Postal Services Bill 2010 lays out plans for Royal Mail pension

The government has proposed to create a new government pension scheme and to transfer to it rights which members of the Royal Mail Pension Plan (RMPP) have accrued up to a cut off date to be determined by secondary legislation made under the Postal Services Bill 2010 as part of the privatisation of the Royal Mail, 

The plans were tabled in the bill, which was introduced into the House of Commons on 13 October.

The Royal Mail Pension Plan (RMPP) has approximately 440,000 members and an actuarial deficit of £10.3 billion as of 31 March 2009.

According to the bill, members who are no longer accruing service will have their pension rights met by the new plan. Members who are continuing to accrue rights after the cut off date will have their pension rights met by the government scheme in respect of rights accrued before that date and the RMPP in respect of rights accrued after that date.

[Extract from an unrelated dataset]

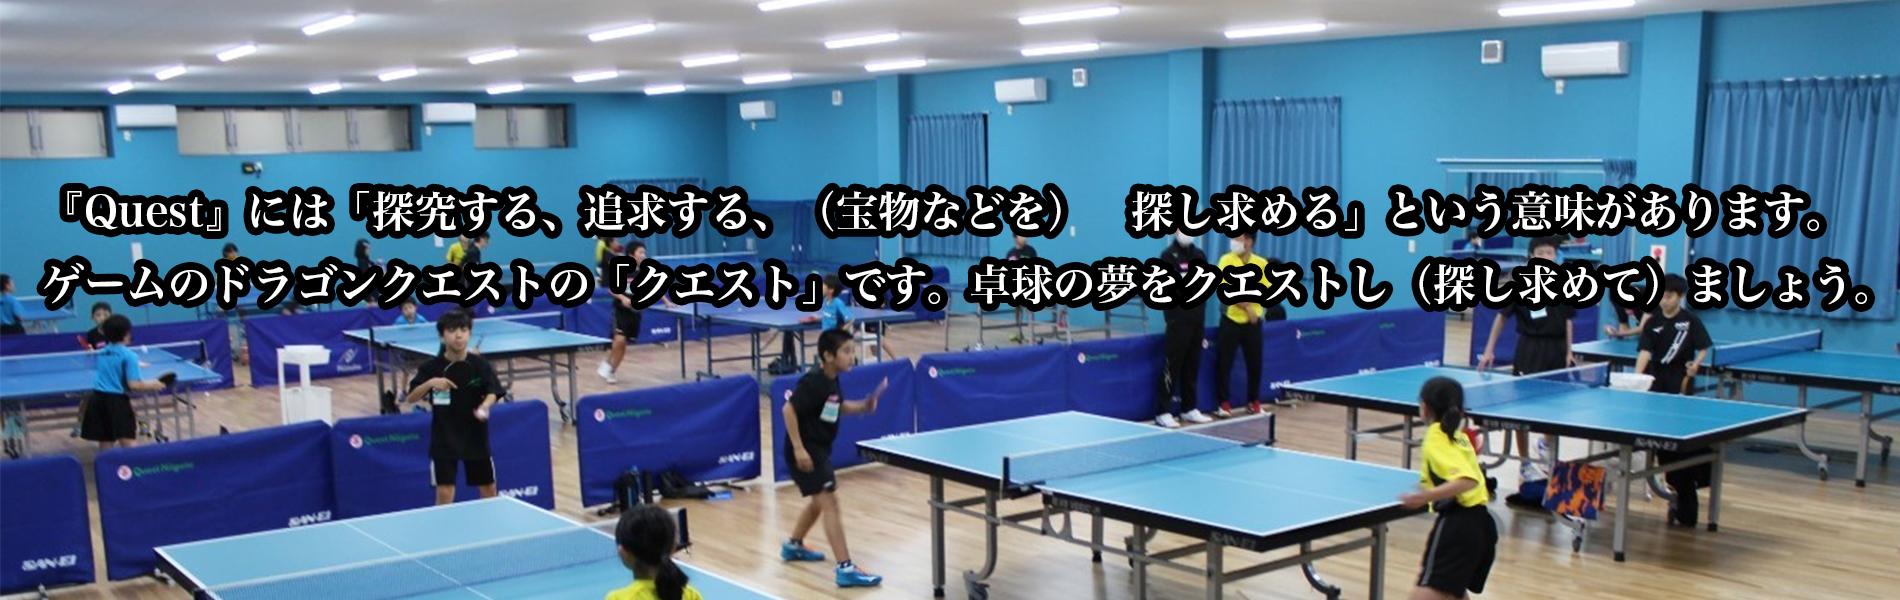 Quest(クエスト)新潟クラブ

Part two of the bill gives power to the Secretary of State to remove historic pension liabilities from the Royal Mail and transfer them to government.

In particular, the Secretary of State is given power to: establish a new statutory scheme which may be used to provide benefits to certain members of the Royal Mail Pension Plan; transfer rights and remove liabilities from the RMPP; transfer assets from the RMPP to the government; and divide the RMPP into sections, and allocate assets and liabilities between those sections.

Vince Cable, business secretary, said “Royal Mail and the Post Office are cornerstones of our society. My policy is to put them on a stable footing for the future.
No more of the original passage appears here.